Quelles sont actuellement les stratégies de dépistage du cancer colorectal ?
Dr Roger Faroux. Le cancer colorectal est l’une des cibles idéales pour un dépistage efficace. Il s’agit du 3e cancer le plus fréquent, avec près de 43 000 nouveaux cas estimés en 2018. C’est aussi, un cancer grave, le 2e cancer en termes de mortalité (17 000 décès). De plus, sa survenue est précédée par l’apparition d’une lésion adénomateuse précancéreuse, bénigne, accessible à l’exérèse endoscopique et s’il est détecté à un stade précoce asymptomatique, le taux de survie est élevé : 90 % à 5 ans.
Dans l’optique d’un DO, la population a été répartie en trois groupes de risque de cancer colorectal.
Les patients à risque très élevé (cumulé vie entière de 40 à 100 %), c’est-à-dire ceux souffrant de formes familiales (syndrome de Lynch, polypose adénomateuse familiale), relèvent d’une consultation d’oncogénétique et d’une surveillance par coloscopie.
Les patients à risque élevé (cumulé vie entière 4 à 10 %) sont ceux ayant des antécédents personnels de cancer colorectal, d’adénome et de MICI qui relèvent d’un suivi par coloscopie, mais aussi ceux ayant des antécédents familiaux. Pour ces derniers, les recommandations de dépistage ne sont pas claires, non consensuelles et donc mal suivies (moins de 50 % ont un suivi endoscopique).
Enfin, la population à risque moyen (risque cumulé vie entière de 3 à 4 %) est celle des plus de 50 ans, asymptomatiques et sans notion de risque particulier. C’est à cette population que s’adresse le programme de DO de cancer colorectal (DOCCR). Tous les deux ans, les personnes de 50 à 74 ans, sans antécédents familiaux ou personnels à risque sont invitées à consulter leur médecin traitant pour se faire remettre un kit de dépistage.
Depuis 2015, un test immunologique (FIT) plus simple et plus performant que le test au gaïac est disponible.
Quel est le bilan du dépistage organisé ?
Le taux de participation au DO est très faible. Il était de 34 % en 2016-2017 et de 32 % en 2017-2018, avec une grande disparité régionale (14 à 56 %). Les régions les plus performantes se situent à l’est (Alsace, notamment). La France est à la traîne de l’Europe.
Le taux de participation est de 70 % en Hollande, pays nordique et de 55 % en Lombardie, pays latin. D’après les recommandations européennes pour que la stratégie de dépistage soit efficace, il faudrait avoir un taux de participation supérieur à 45 %. Une récente étude américaine (1) a bien confirmé que plus le taux de participation à un DO était élevé et plus l’incidence du cancer colorectal ainsi que sa mortalité étaient réduites. Dans cette étude, le taux de participation à un dépistage par FIT et par coloscopie (ratio 40/60) est passé de 39 % à 82 % entre 2000 et 2015 et cette augmentation est associée à une réduction de 25,5 % de l’incidence du cancer colorectal et de 52,4 % de la mortalité.

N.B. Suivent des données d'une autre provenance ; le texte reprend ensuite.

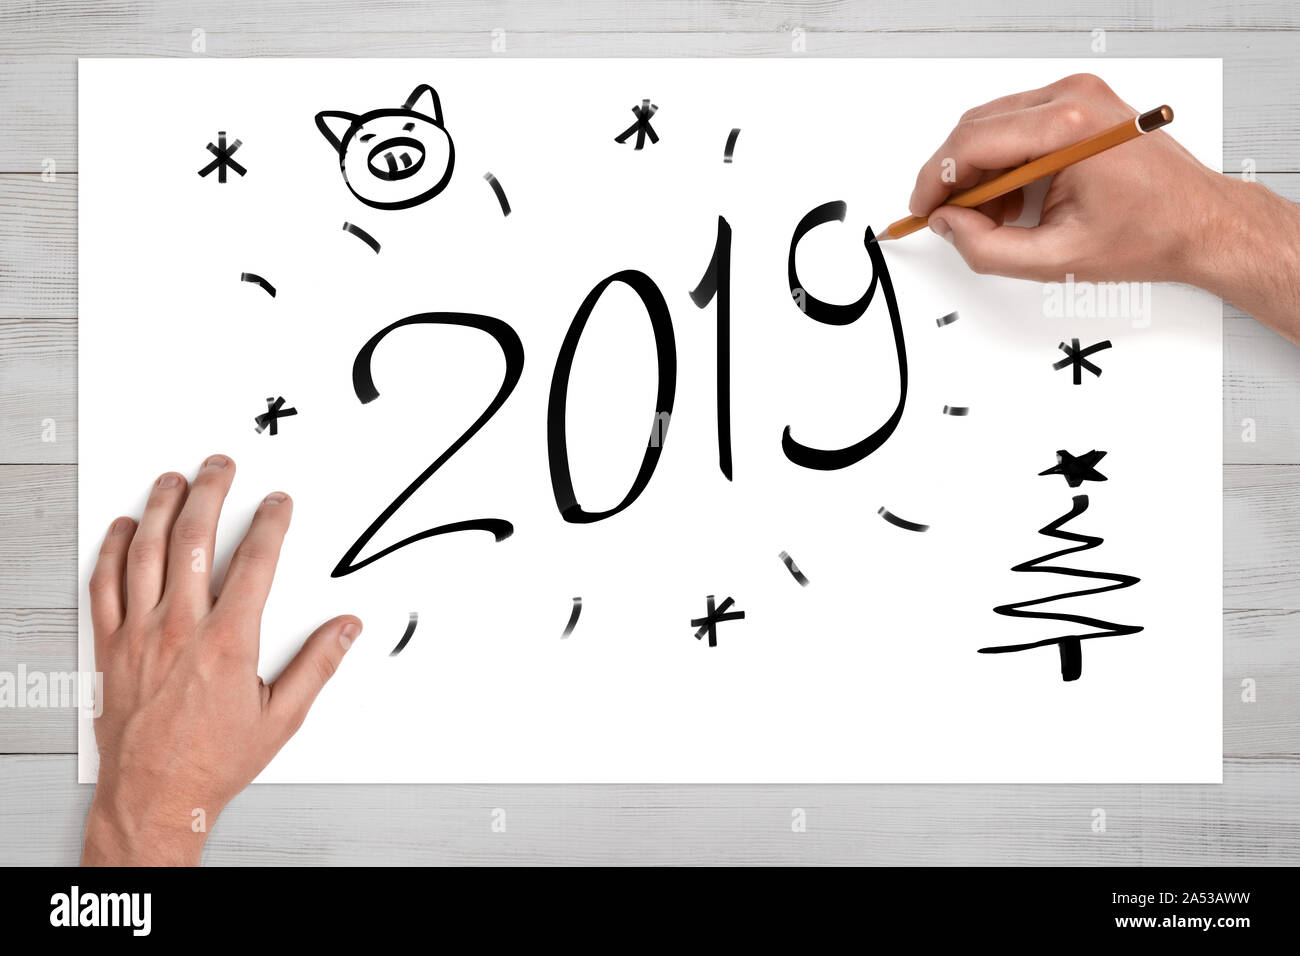 Male hands holding pencil above white sheet of paper with '2019' sign, pig face, christmas tree and snowflakes drawn on Stock Photo
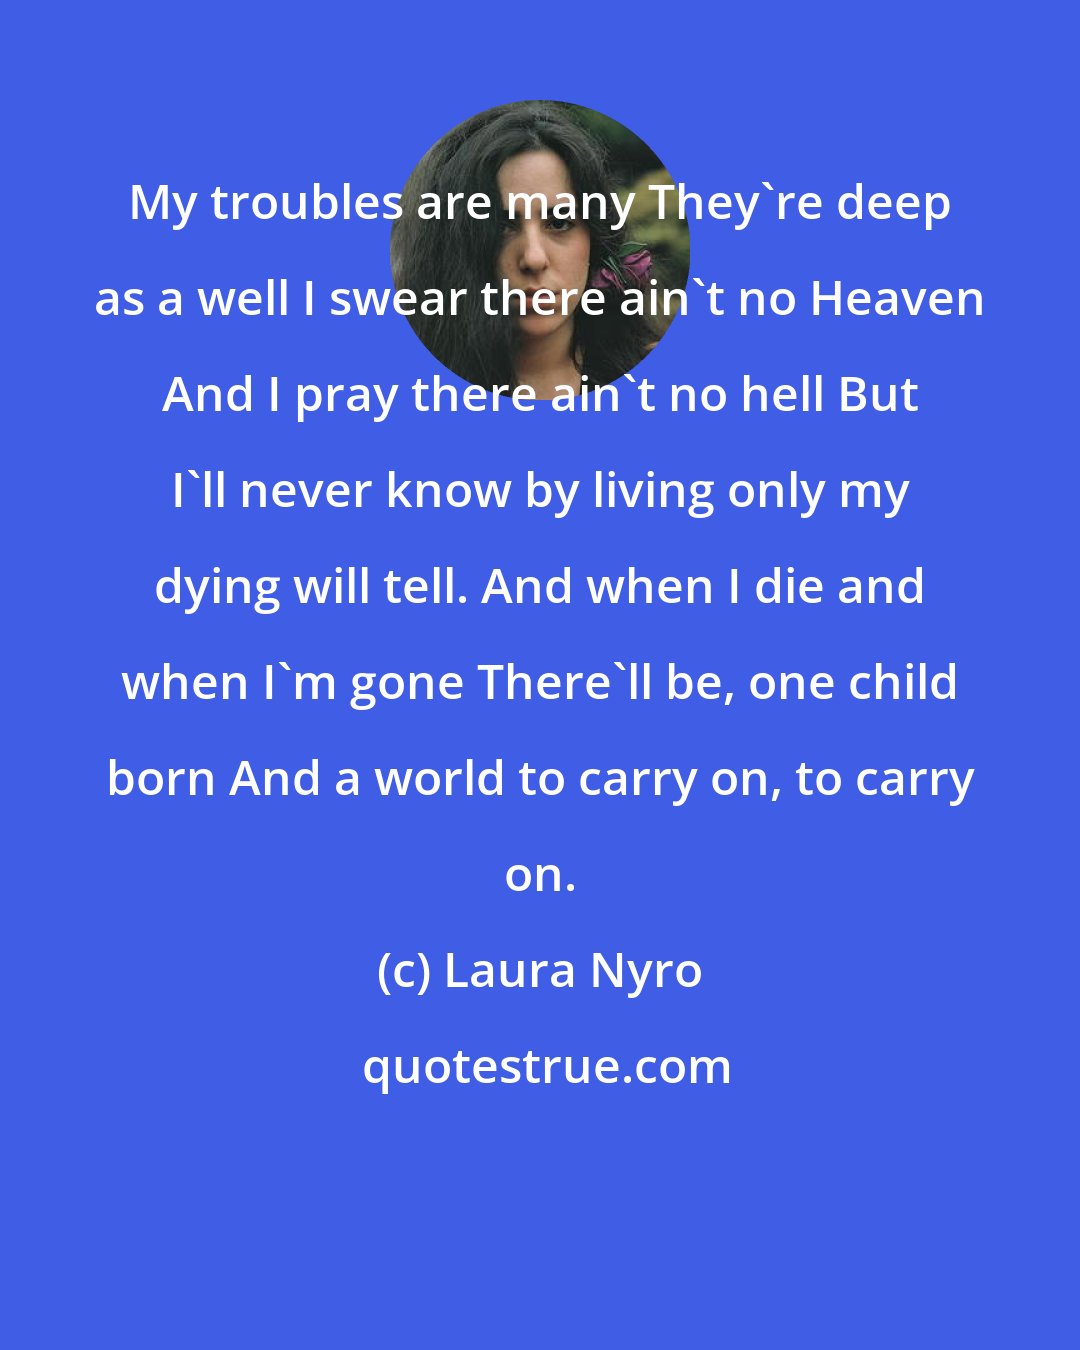 Laura Nyro: My troubles are many They're deep as a well I swear there ain't no Heaven And I pray there ain't no hell But I'll never know by living only my dying will tell. And when I die and when I'm gone There'll be, one child born And a world to carry on, to carry on.

Comment expliquer ce bilan décevant ?
Plusieurs raisons sont invoquées, en dehors des réticences propres au patient à manipuler ses selles. Tout d’abord, le kit est remis lors d’une consultation. Or, de nombreuses personnes ne consultent pas (jeunes en bonne santé) ou ont des difficultés pour le faire (déserts médicaux), ou un médecin traitant ne préconisant pas le dépistage (surchargé, pas convaincu…). Plusieurs études ont montré qu’en France, il fallait la conjonction du médecin traitant et de l’envoi postal du test pour obtenir une participation suffisante.
Quelles seraient les pistes d’amélioration ?
L’envoi du test au domicile dès la première invitation est une première piste. La remise du test par les pharmaciens en est une autre, mais le rôle du médecin traitant reste essentiel. Une étude a montré que transmettre au médecin traitant la liste de ses patients non dépistés augmentait le taux de participation. Le FIT quantitatif a une très grande sensibilité. Un taux d’hémoglobine indétectable, inférieur à 50 ng/ml (soit 10 µg/g) permet d’éliminer de façon quasi absolue l’hypothèse d’un cancer colorectal. L’envoi du test à domicile pour les personnes à risque et à risque moyen, accompagné d’un autoquestionnaire, pourrait permettre, en faisant varier le seuil de positivité du FIT, d’augmenter les taux de participation et d’intégrer les personnes à risque élevé dans le DOCCR. L’important est de dépister, quelle que soit la méthode, test immunologique ou coloscopie.
(1) Levin TR et al. Effects of organized colorectal cancer screening on cancer incidence and mortality in a large community- based population. Gastroenterology 2018;155:1383-91.